W sobotnim wywiadzie dla "Dziennika" Piotr Kownacki powiedział, że "w Kancelarii Prezydenta panuje bałagan, a Lech Kaczyński jest zbyt szczery i nie ma żadnego planu działania". Wywiad wywołał spore zaskoczenie wśród polityków wszystkich opcji.
Piotr Kownacki rozpoczął pracę w Kancelarii Prezydenta Lecha Kaczyńskiego rok temu. Szefem Kancelarii został 4 września.
Rzecznik klubu PiS Mariusz Błaszczak wyraził opinię, że ministrowi Kownackiemu będzie trudno się wytłumaczyć ze swoich słów. Przypomniał, że prezydent - zarówno gdy był szefem Najwyższej Izby Kontroli, jak i wtedy, gdy rządził Warszawą - oceniany był jako sprawny organizator.
Poseł Andrzej Halicki z PO uważa natomiast, że minister Piotr Kownacki, mówiąc o bałaganie w Kancelarii Prezydenta, wystawia sobie fatalne świadectwo. Podkreśla, że prezydencki minister jako szef Kancelarii odpowiada za to, co się w niej dzieje.
Eugeniusz Kłopotek z PSL jest zdania, że minister Kownacki chce uciec z tonącego okrętu. Wskazuje, że w przypadku przegranej Lecha Kaczyńskiego w kolejnych wyborach, Kownacki może być wskazywany jako główny winowajca braku sukcesu.
Jerzy Wenderlich z SLD uważa, że Kownacki, kiedy miał w tym interes, bronił decyzji prezydenta, nawet w sytuacji kiedy nie były one do obrony. Teraz stracił widocznie do tego motywację - uważa poseł Lewicy. W jego opinii, wizerunek prezydenta na odejściu ministra Kownackiego nie straci.

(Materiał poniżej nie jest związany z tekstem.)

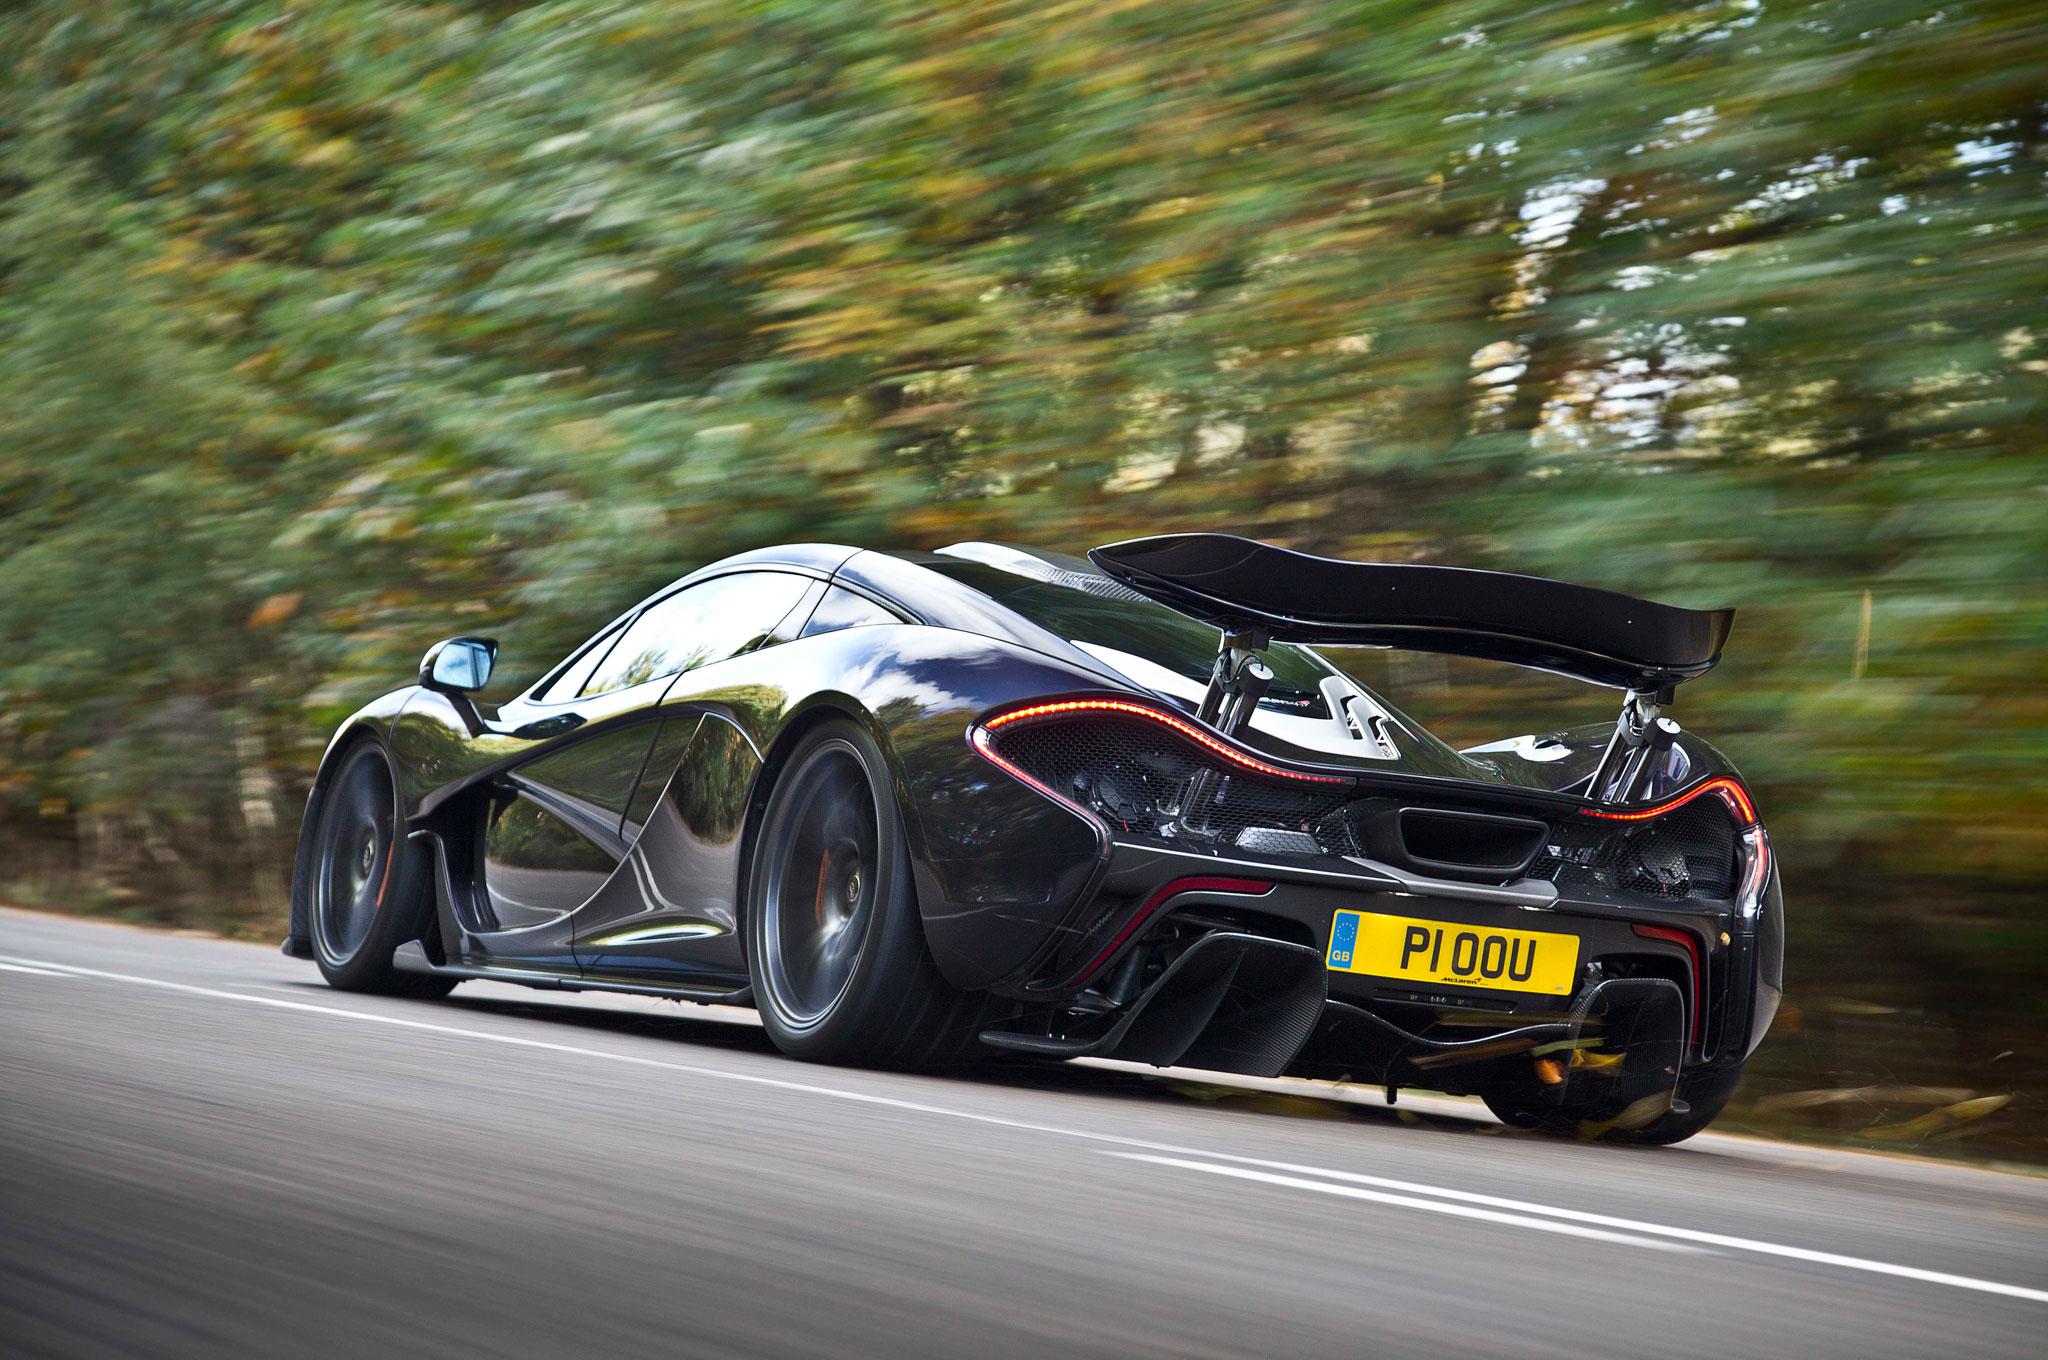 2014 Mclaren P1 - First Drive Review - Automobile Magazine

Szef Kancelarii Prezydenta w wywiadzie dla "Dziennika" mówił między innymi, że w Pałacu Prezydenckim nie ma żadnego planowania, wszystko jest rozedrgane i nigdy nie wiadomo, co człowieka czeka jutro, a to wprowadza tylko chaos i nerwowość.
Zdaniem Kownackiego, to, że prezydent nie przyjmuje ambasadorów innych państw, wynika z jego wielkiej niechęci do oficjalnych ceremonii.